Base training on 35,971 cities
M.I. training on 35,971 cities

We can see some new winners and losers but many repeats. Now, on the sequence of tokens we see thinks like 'popul' 'toknumseg30' that ought to inform about the overall size, if the ML were made aware this words are contiguous, which bring us to the concept of bigrams and the fourth featurization.

Fourth Featurization: Words in context¶

To incorporate some ordering among the words, a common technique is to use bigrams, pairs of words in order. If we were ot use bigrams directly, this will increase the vocabulary size quite a bit, so I'll threshold their minimum occurrence (Cell #13).

# CELL 13
import bz2
import math
from sklearn.ensemble import RandomForestRegressor
import numpy as np

# read text features
rand = random.Random(42)
all_data = list()
city_to_all_data = dict()
header = None
with open("ch8_cell11_dev_feat3.tsv") as mi:
    header = next(mi)
    header = header.strip().split("\t")
    header.pop(0) # name
    header.pop() # population
    for line in mi:
        fields = line.strip().split("\t")
        logpop = float(fields[-1])
        name = fields[0]
        feats = list(map(float,fields[1:-1]))
        city_to_all_data[name] = len(all_data)
        all_data.append( (feats, logpop, name) )
cities = sorted(list(city_to_all_data.keys()))

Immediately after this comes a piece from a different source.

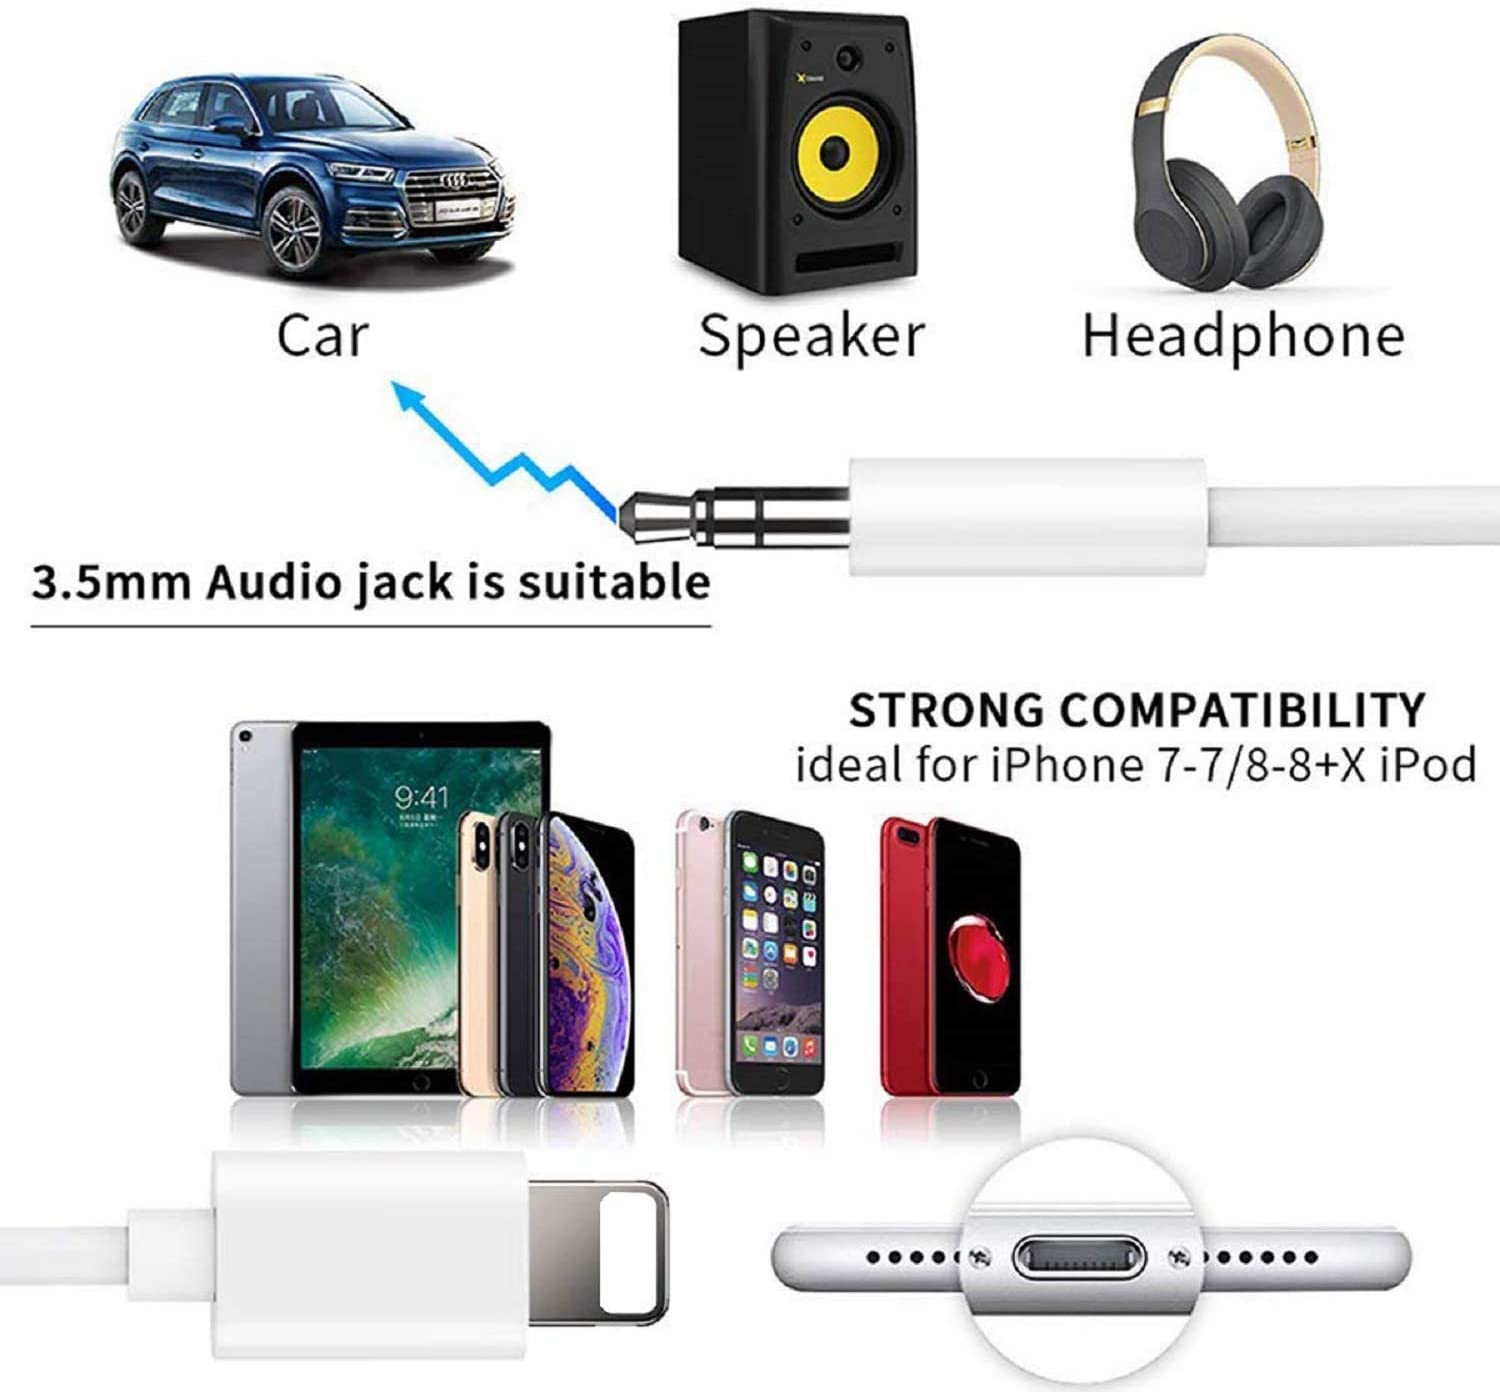 [Apple MFi Certified] AUX Cord for iPhone 11, Lightning to 3.5 mm Headphone Jack Adapter, 3.5mm to Lightning Adapter, Aux Adapter, Headphone Jack Adapter, Compatible for iPhone 11 XS XR X 7 7P 8 8P - image 3 of 9
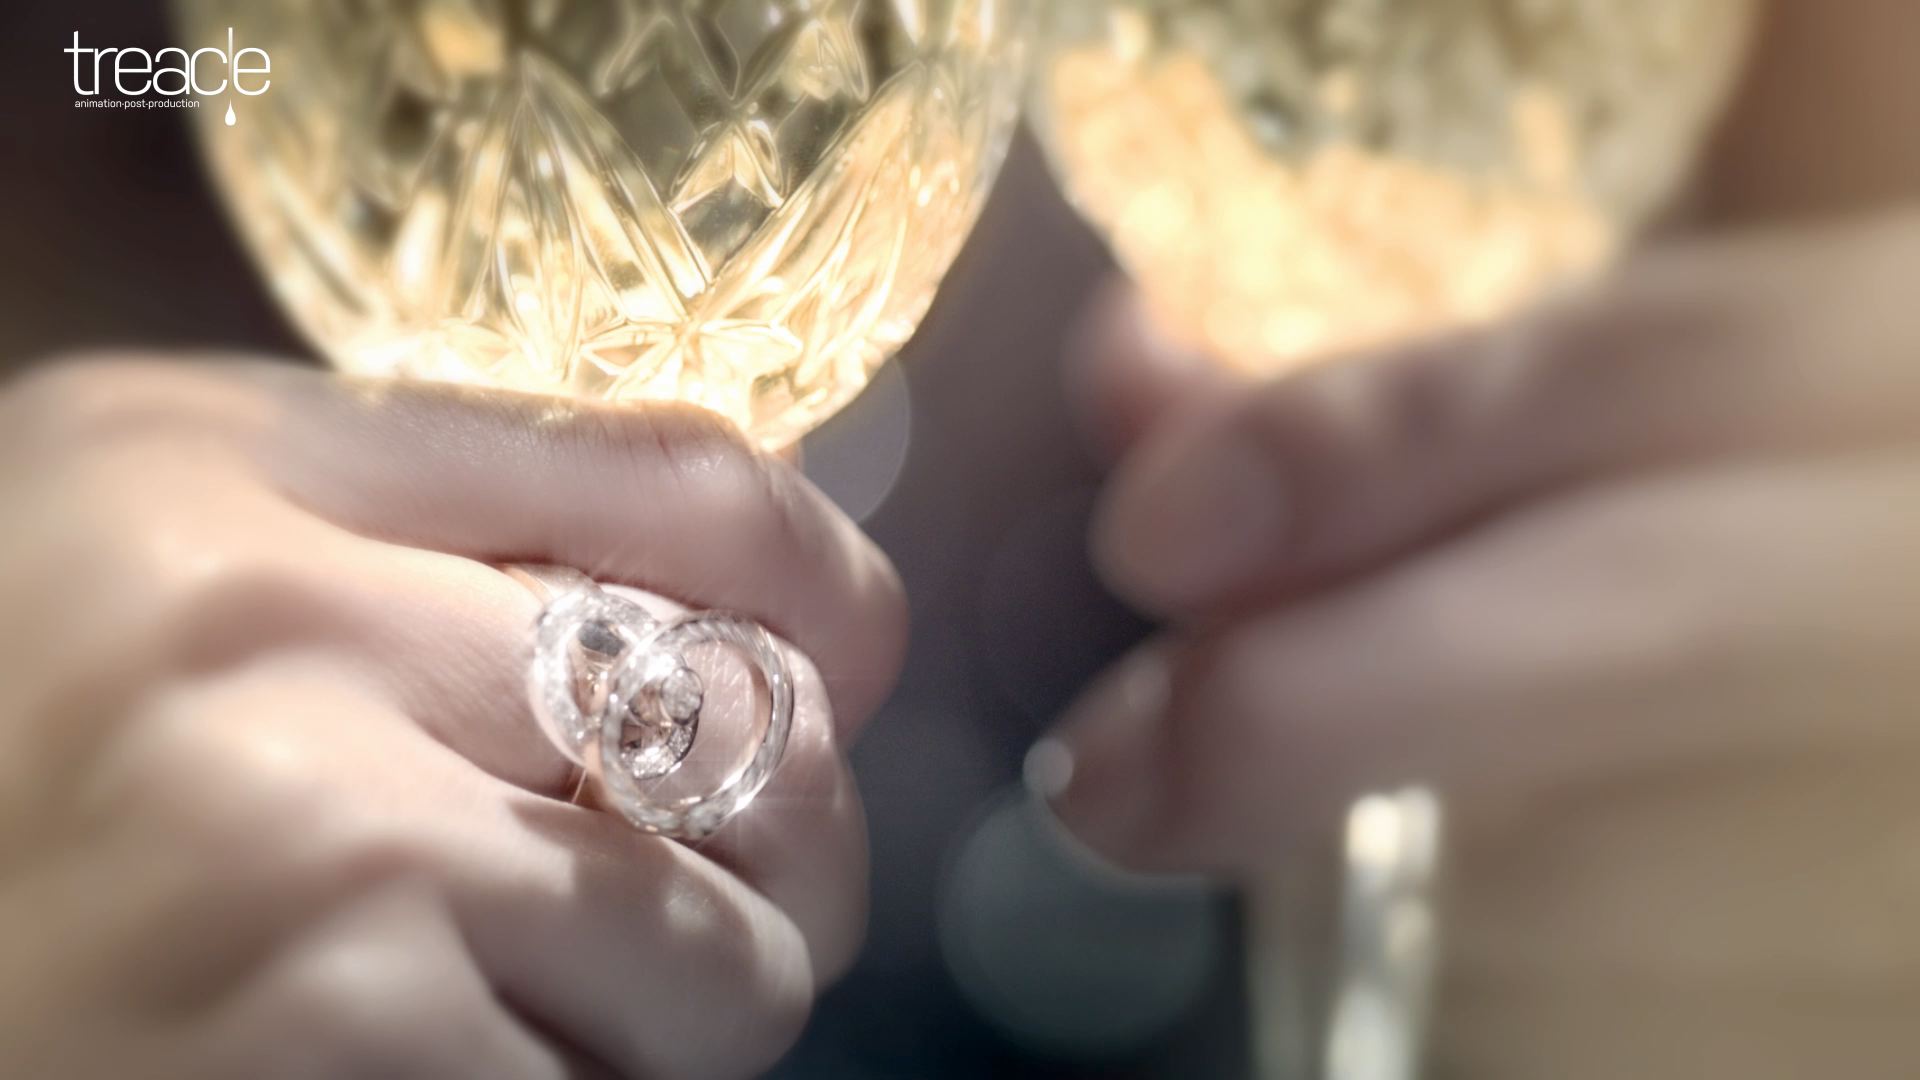 Close-up of a diamond ring on a woman's hand holding a champagne glass.

kept_terms = set(map(lambda l:l.split('\t')[0], open("ch8_cell10_vocab.tsv").readlines()))

remaining = set(cities)
all_bigrams = list()
bigram_to_idx    = dict()
city_bigram_idxs = dict()
with bz2.BZ2File("cities1000_wikitext.tsv.bz2","r") as wikitext:
    for byteline in wikitext:
        cityline = byteline.decode("utf-8")
        tab = cityline.index('\t')
        name = cityline[:tab]
        if name in remaining:
            if (len(cities) - len(remaining)) % int(len(cities) / 10) == 0:
                print("Tokenizing+bigrams {:>5} out of {:>5} cities, bigrams {:,} city \"{}\""
                      .format((len(cities) - len(remaining)), len(cities), len(all_bigrams), name))
            remaining.remove(name)
            text = cityline[tab:]
            bigrams = set()
            prev = '[PAD]'
            for token in list(filter(lambda tok: tok in kept_terms, cell10_tokenize(text))):
                bigram = prev + '-' + token
                prev = token
                idx = bigram_to_idx.get(bigram, None)
                if idx is None:
                    idx = len(all_bigrams)
                    all_bigrams.append(bigram)
                    bigram_to_idx[bigram] = idx
                bigrams.add(idx)
            city_bigram_idxs[name] = sorted(list(toks))
bigram_to_idx = None

for name in remaining:
    city_bigram_idxs[name] = list()

print("Total bigrams: {:,}".format(len(all_bigrams)))

# drop bigrams that appear in less that 50 documents
bigram_docs = list()
for _ in range(len(all_bigrams)):
    bigram_docs.append([])
for doc_idx, name in enumerate(cities):
    bigram_idxs = city_bigram_idxs[name]
    for bigram_idx in bigram_idxs:
        bigram_docs[bigram_idx].append(doc_idx)
city_bigram_idxs = None

threshold = 50
reduced_bigrams = list()
for bigram_idx in range(len(all_bigrams)):
    if len(bigram_docs[bigram_idx]) >= threshold:
        reduced_bigrams.append(bigram_idx)
        
print("Reduced bigrams: {:,} (reduction {:%})"
      .format(len(reduced_bigrams), (len(all_bigrams) - len(reduced_bigrams)) / len(all_bigrams)))    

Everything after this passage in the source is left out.